I suspect there could be several explanations. One obvious one is that the overall scale has two or more separate domains (factors / subscales) within it, and therefore any single one of those domains, by mere dint of comprising a separate factor from the other(s), might not correlate very highly with (m)any other domain(s). So, when you obtain a total that comprises scores from separate domains (a practice that I regard as pretty suspect in many cases), who knows what the total means or how it might be "obliged" to correlate with its separate components.
Of course, it also depends on what you mean by "not correlate". For example, is .75 an indication of lack of correlation in the kind of situation you are considering? In my experience, different researchers have different views about that, sometimes depending on which barrow they want to push.
your factors (subscales) may be orthogonal. In this situtation, subscale scores will not correlate with the total score. To investigate this, you can use bi-factor modelling. But first of all, you have to conduct exploratory (or you also know the construct of the scale ==> confirmatory) factor analysis. Then, you can get an idea about the factor structure.
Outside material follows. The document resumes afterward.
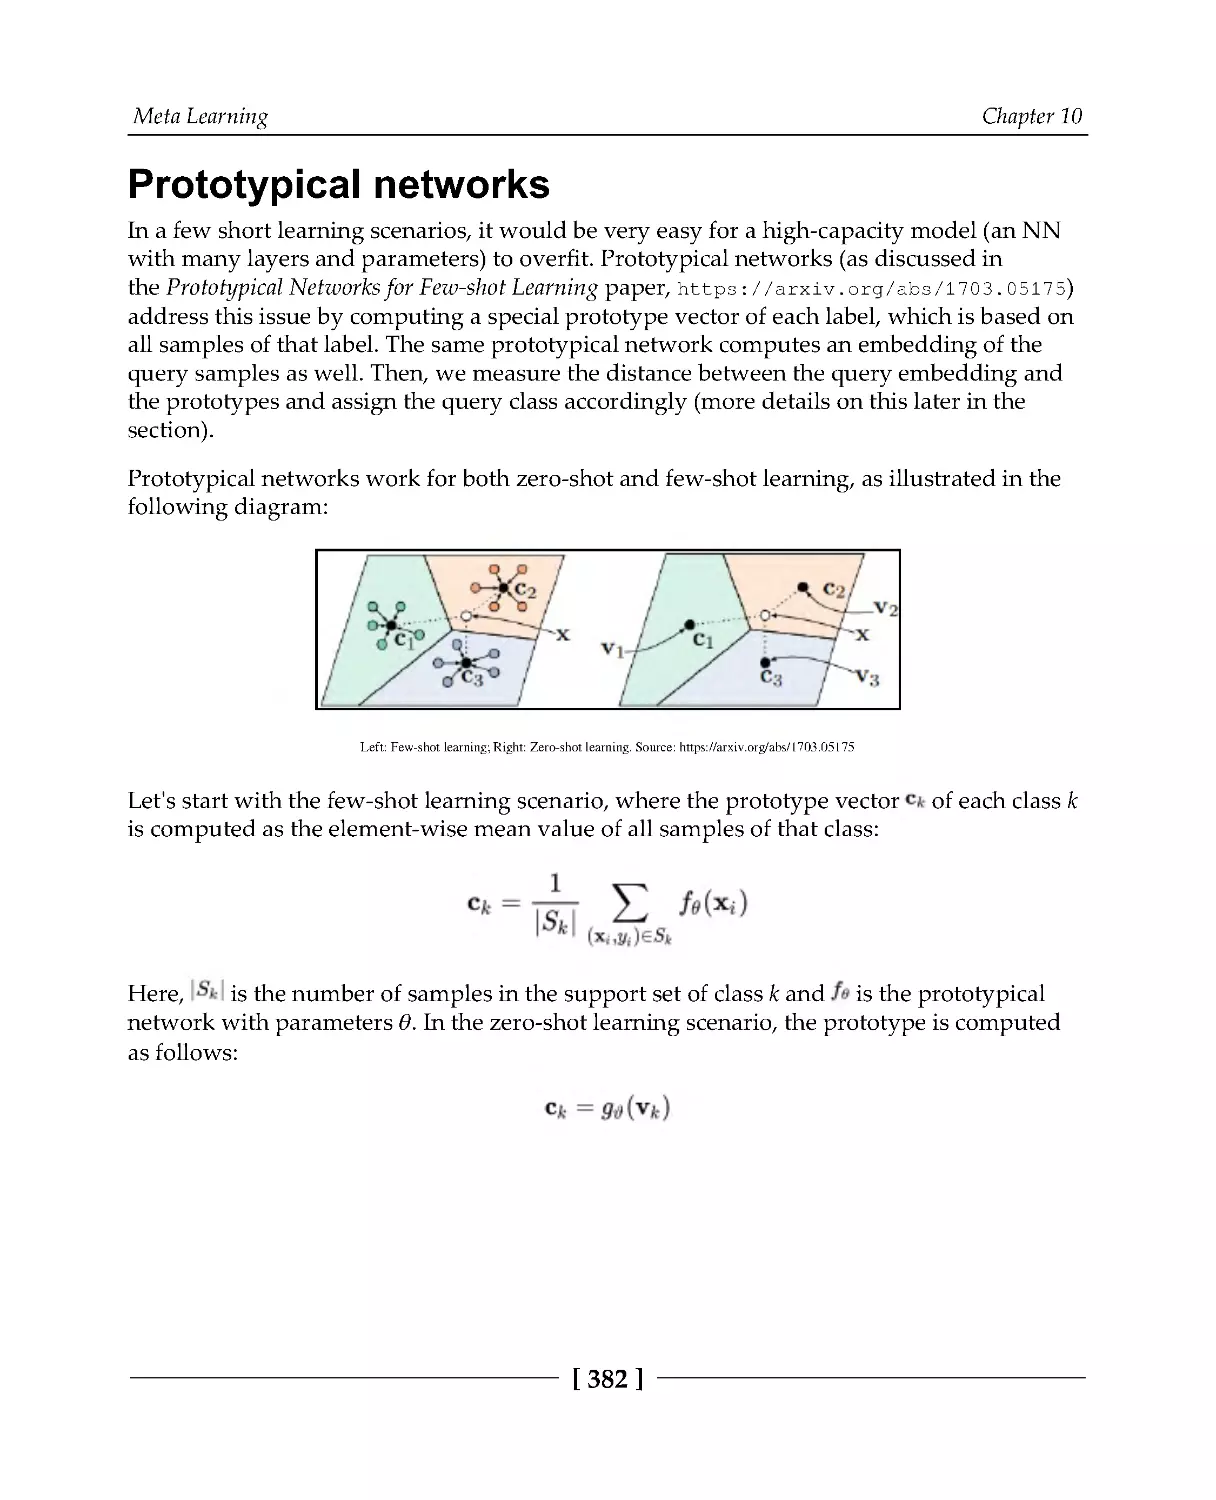 Prototypical networks
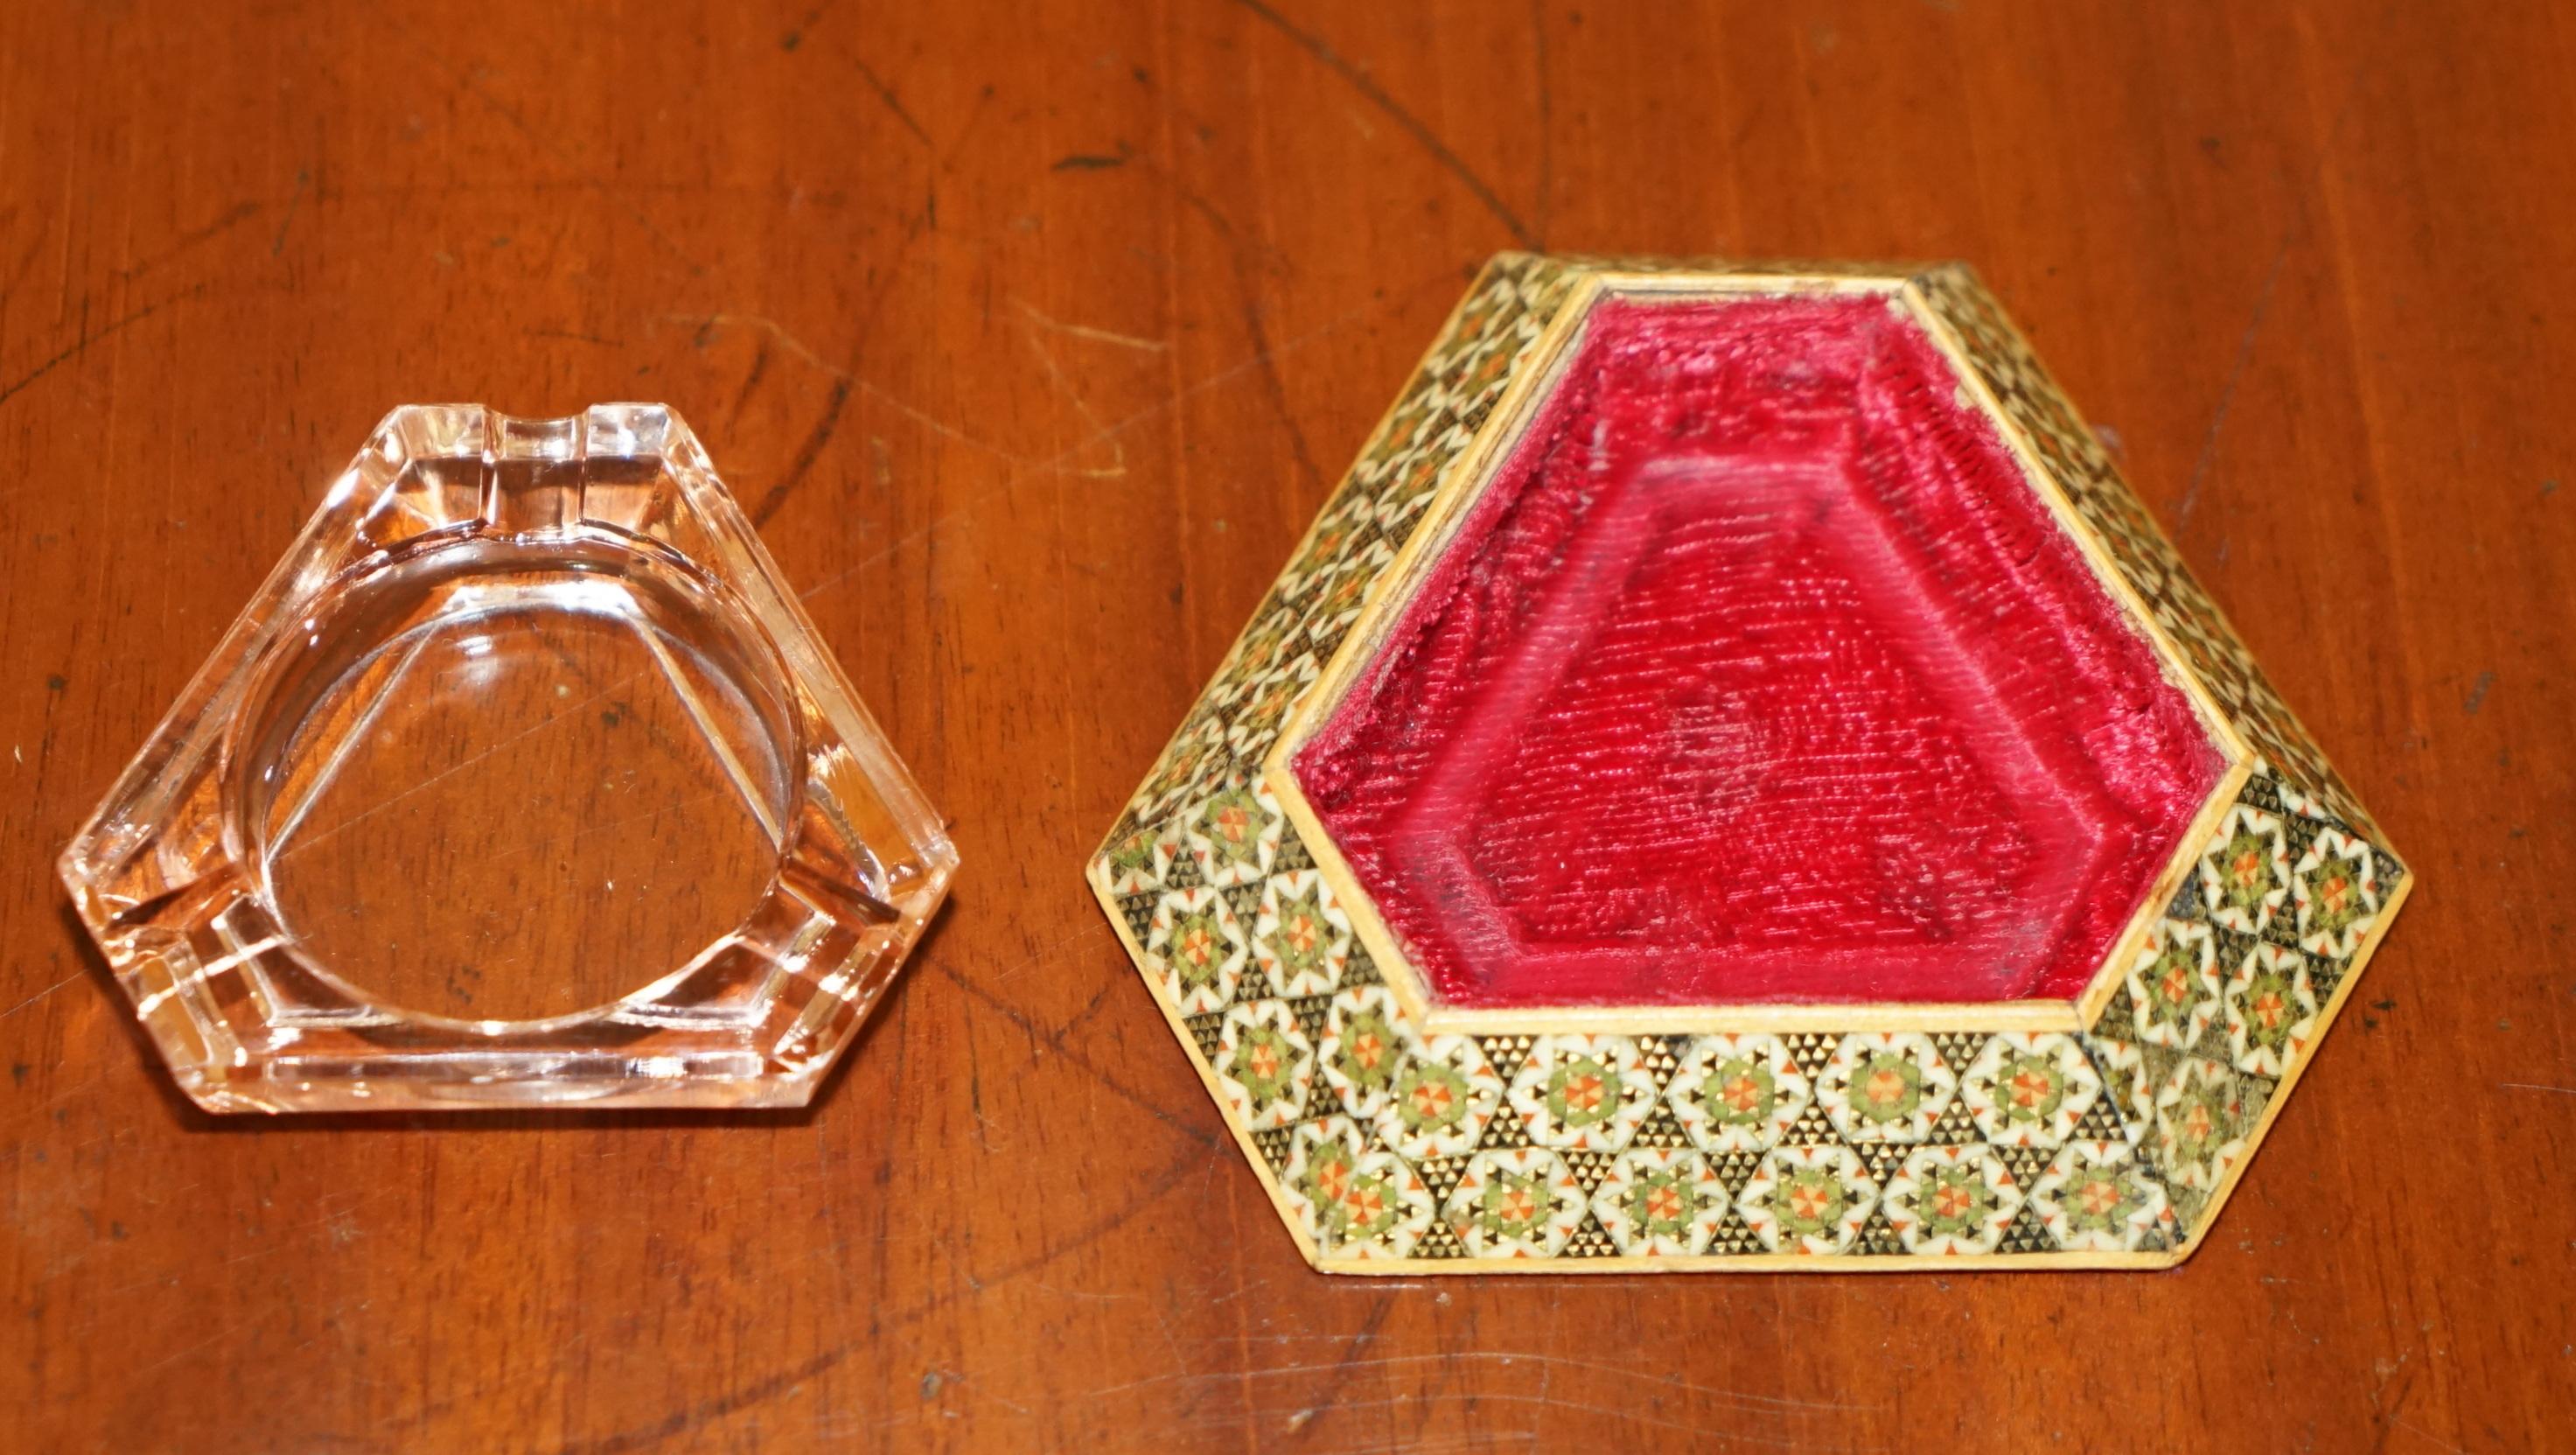 ANTIQUE PERSIAN ASHTRAY WiTH CRANBERRY GLASS TRIANGLE INTERNAL TRAY (20. Jahrhundert) im Angebot

You will need to provide a lot more information to make better understand the problem. I would report the sample size, total number of indicators of the overall scale and the subscale, the specific items of the scale and subscale, and univariate and bivariate summaries.
Many people make the mistake of creating scales from formative when they are using a modeling approach that assumes they are reflective indicators (see the classic measurement article by Bollen and Lennox (1991) for a detailed discussion of this issue). If the indicators and analyses are properly specified, you may have evidence that the underlying theory is incorrect and the measure may need revising. I'm also curious about the observed correlation. I'm doubtful that they are completely uncorrelated, as most social science constructs have some degree of inter-correlation.
Article Conventional Wisdom on Measurement: A Structural Equation Perspective
That said, I would first start with ensuring that you have a conceptually sound instrument. I would look at the conceptual framing of all the indicators and provide univariate and bivariate summaries.